*Instructions for the task:* Repeat each line of the data below exactly, but skip the pictures.

*Dataset content:*
# # # # # # #
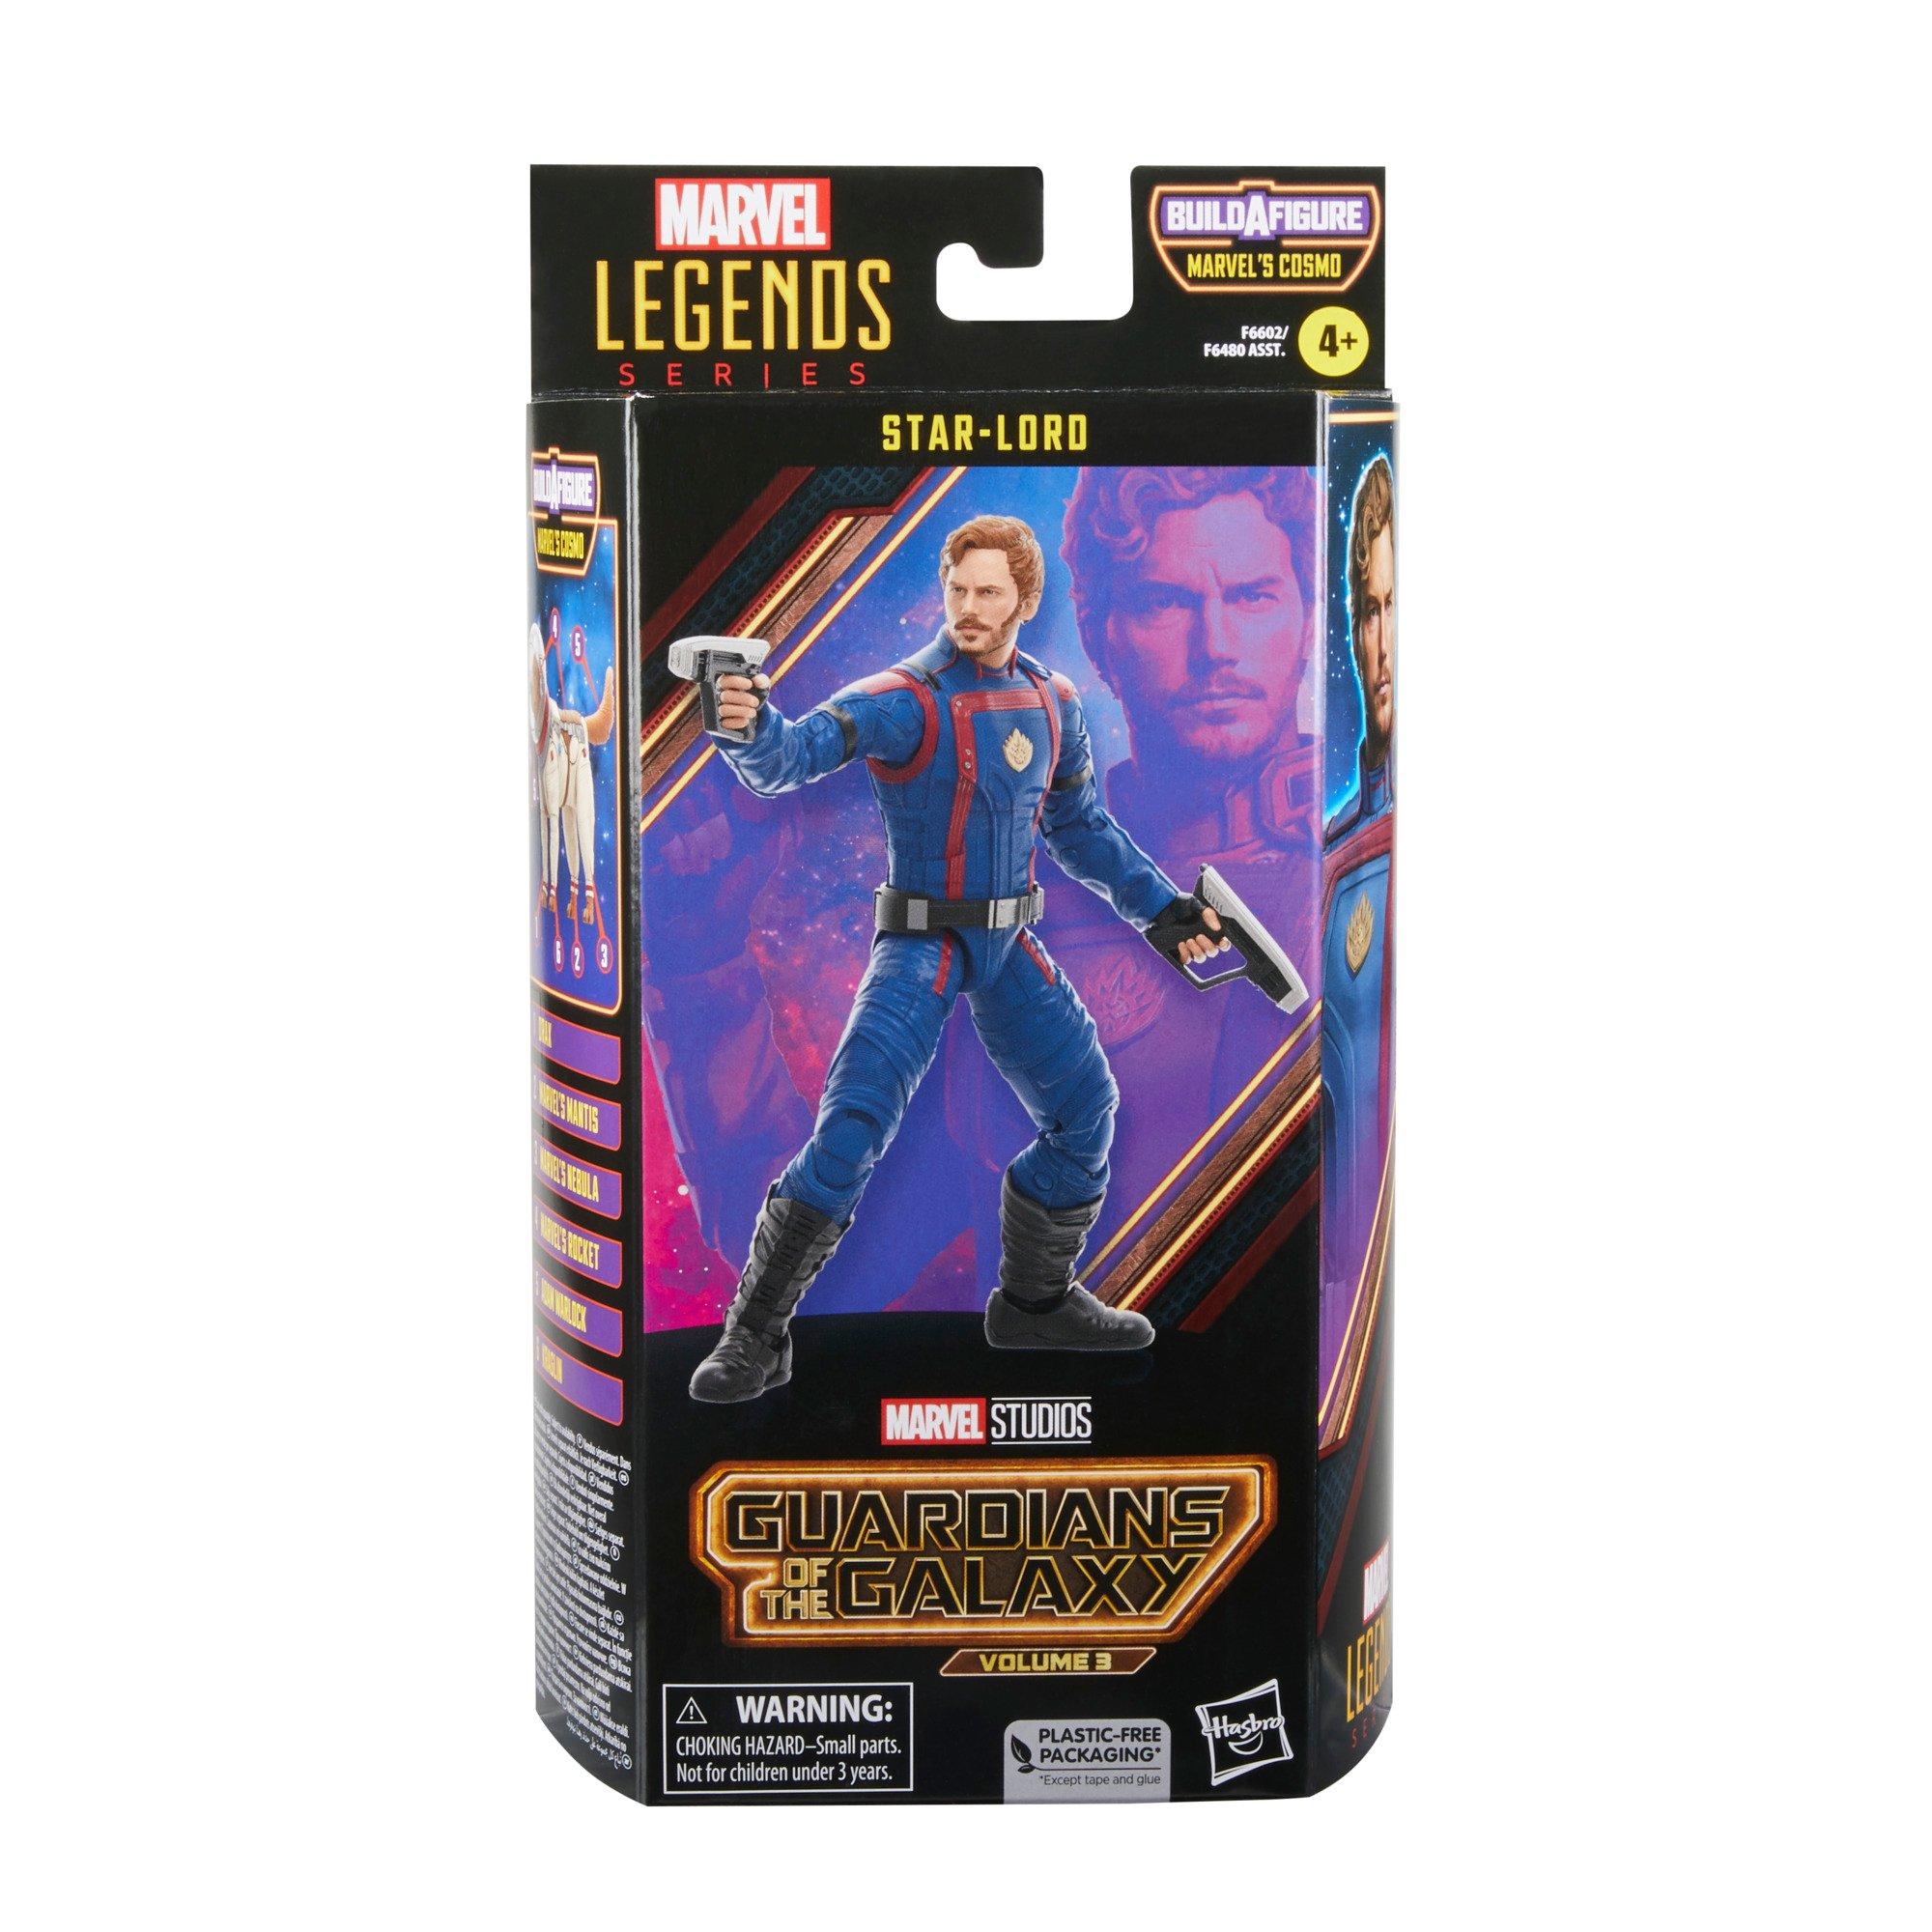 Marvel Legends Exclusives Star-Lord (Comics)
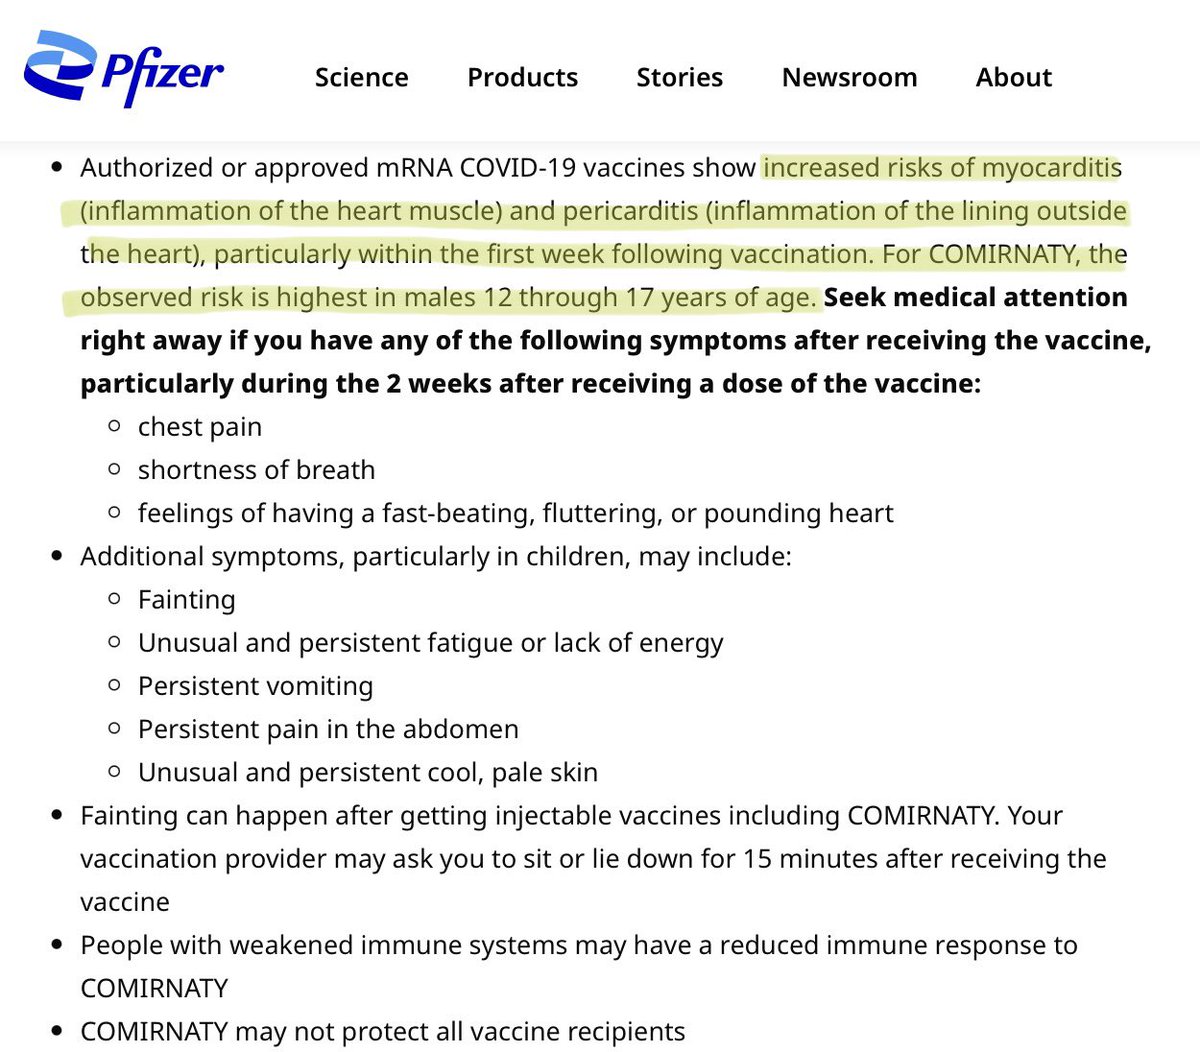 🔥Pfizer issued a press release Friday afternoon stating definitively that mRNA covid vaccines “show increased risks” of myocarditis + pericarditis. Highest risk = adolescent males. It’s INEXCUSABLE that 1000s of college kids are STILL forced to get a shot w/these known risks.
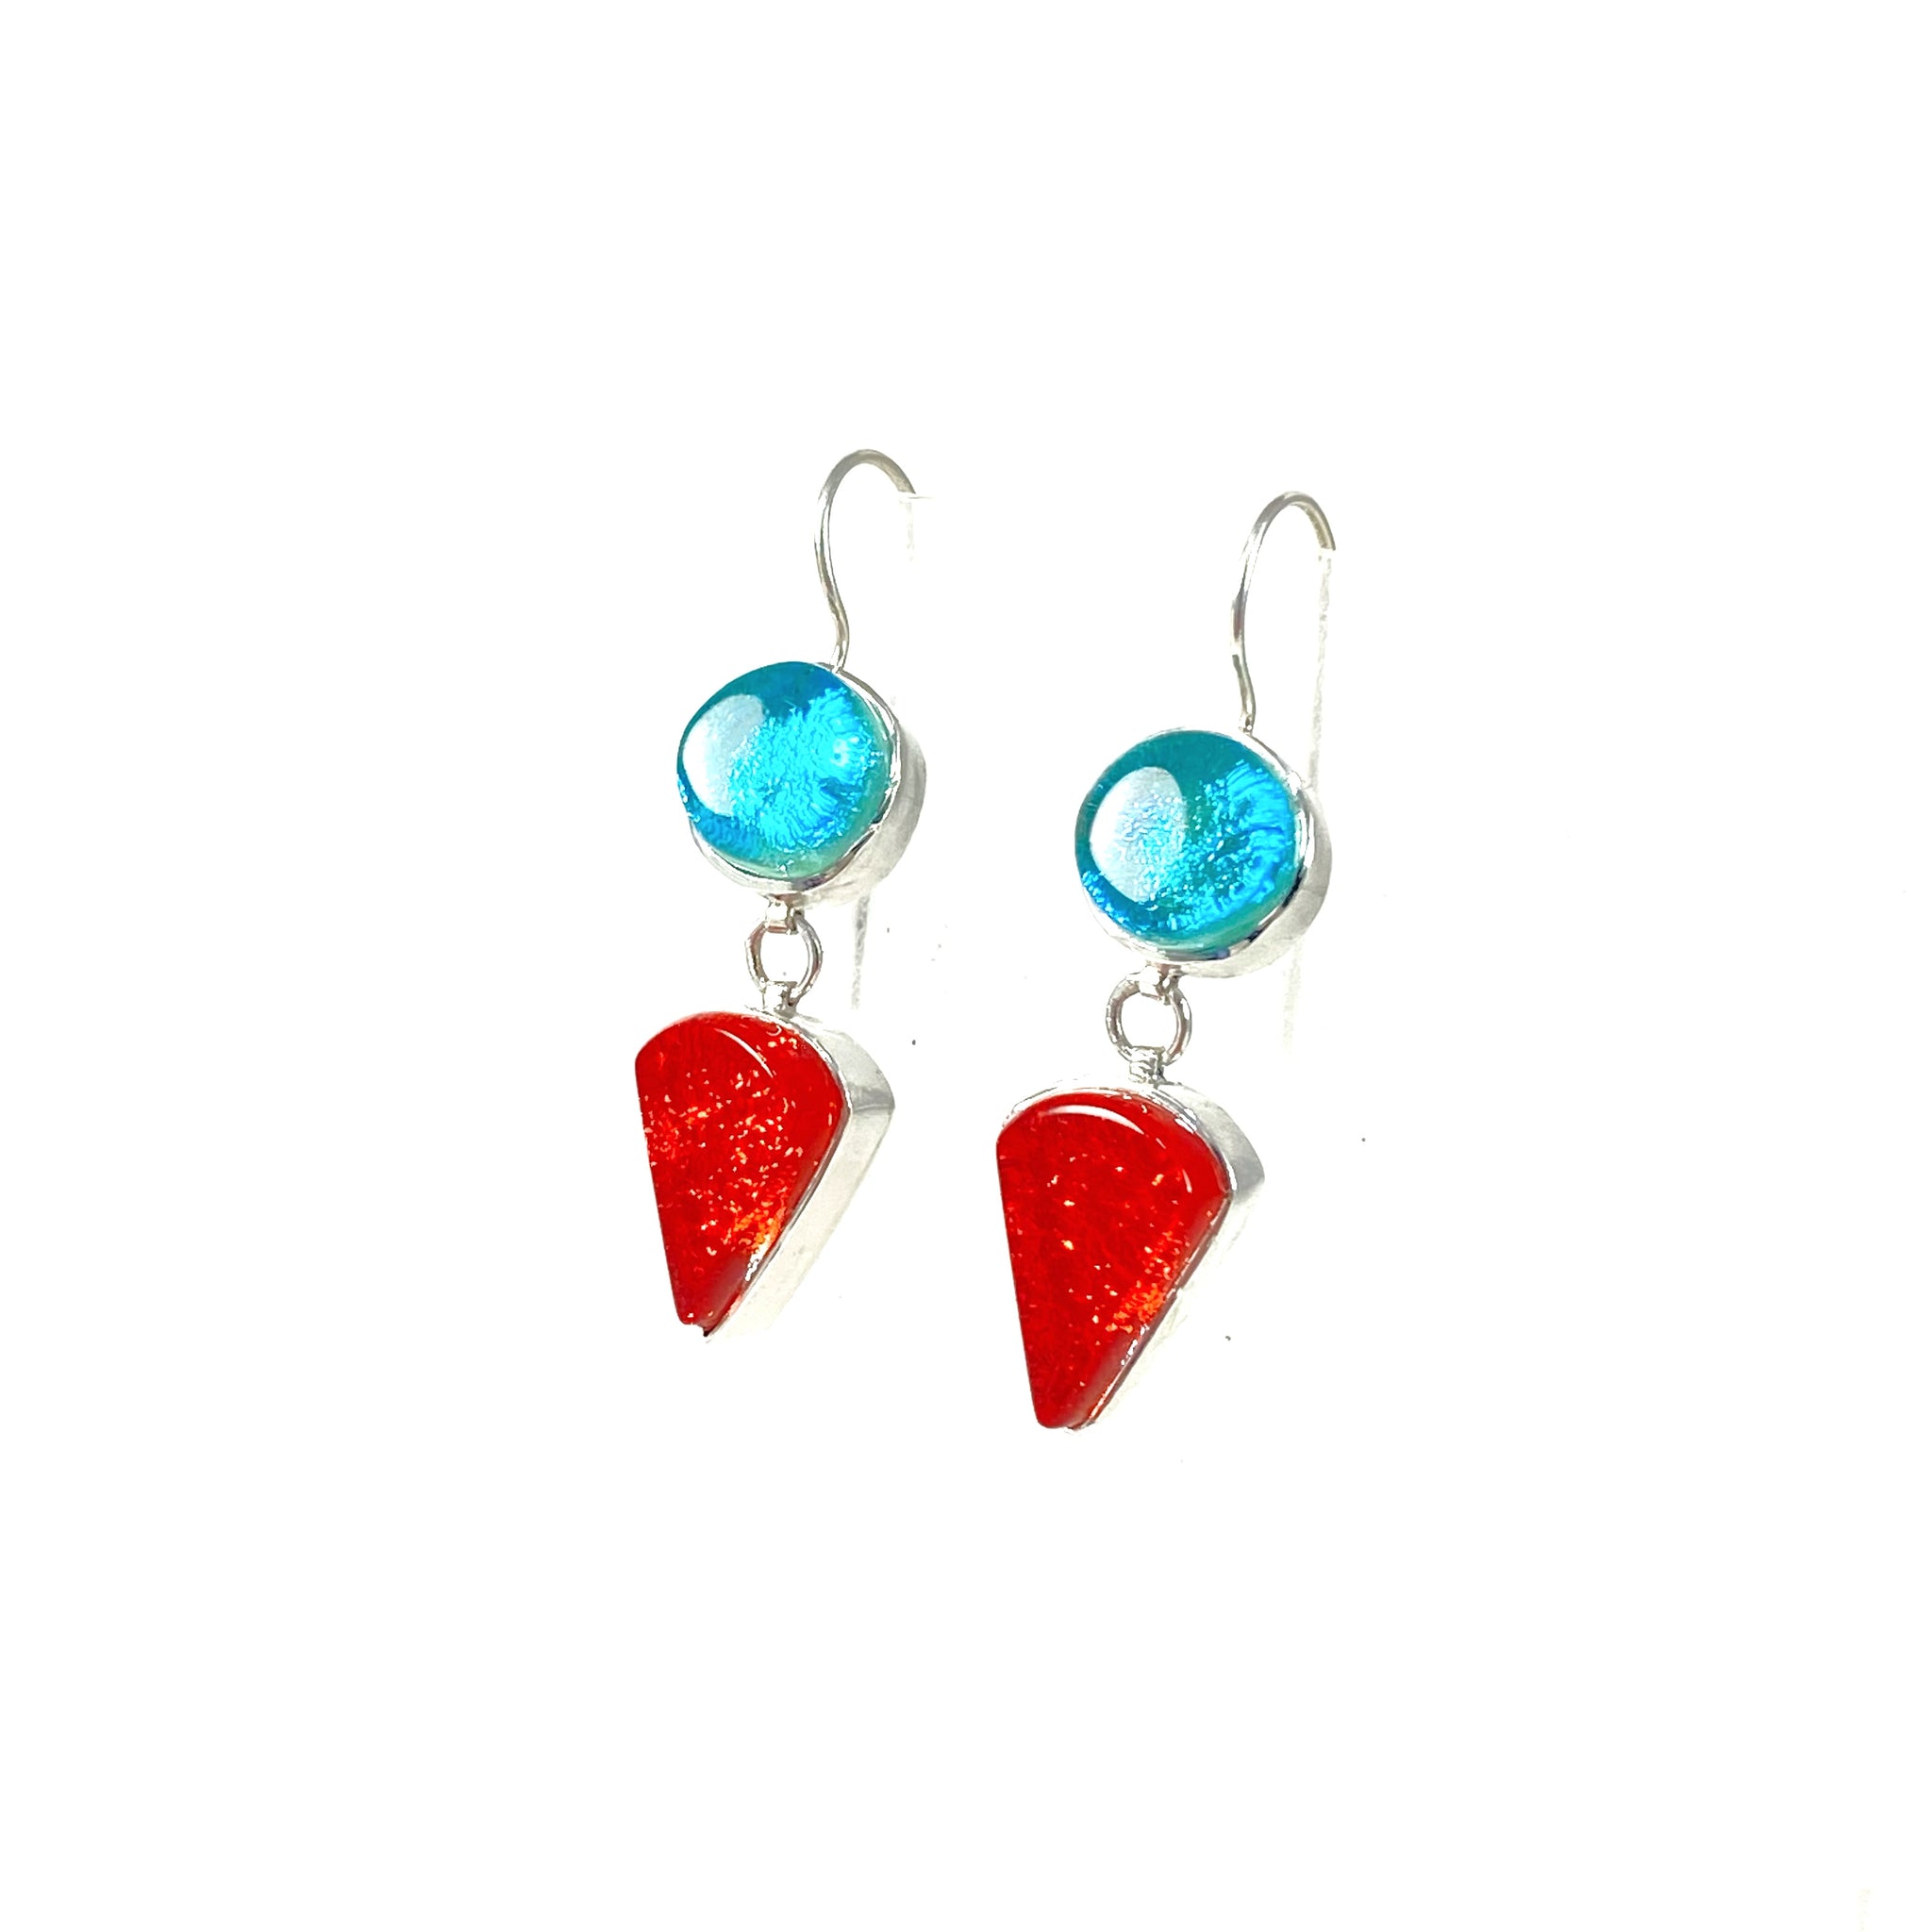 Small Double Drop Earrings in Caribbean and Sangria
# # # # # # #
*Result:*
 Marvel Legends Exclusives Star-Lord (Comics)
 🔥Pfizer issued a press release Friday afternoon stating definitively that mRNA covid vaccines “show increased risks” of myocarditis + pericarditis. Highest risk = adolescent males. It’s INEXCUSABLE that 1000s of college kids are STILL forced to get a shot w/these known risks.
 Small Double Drop Earrings in Caribbean and Sangria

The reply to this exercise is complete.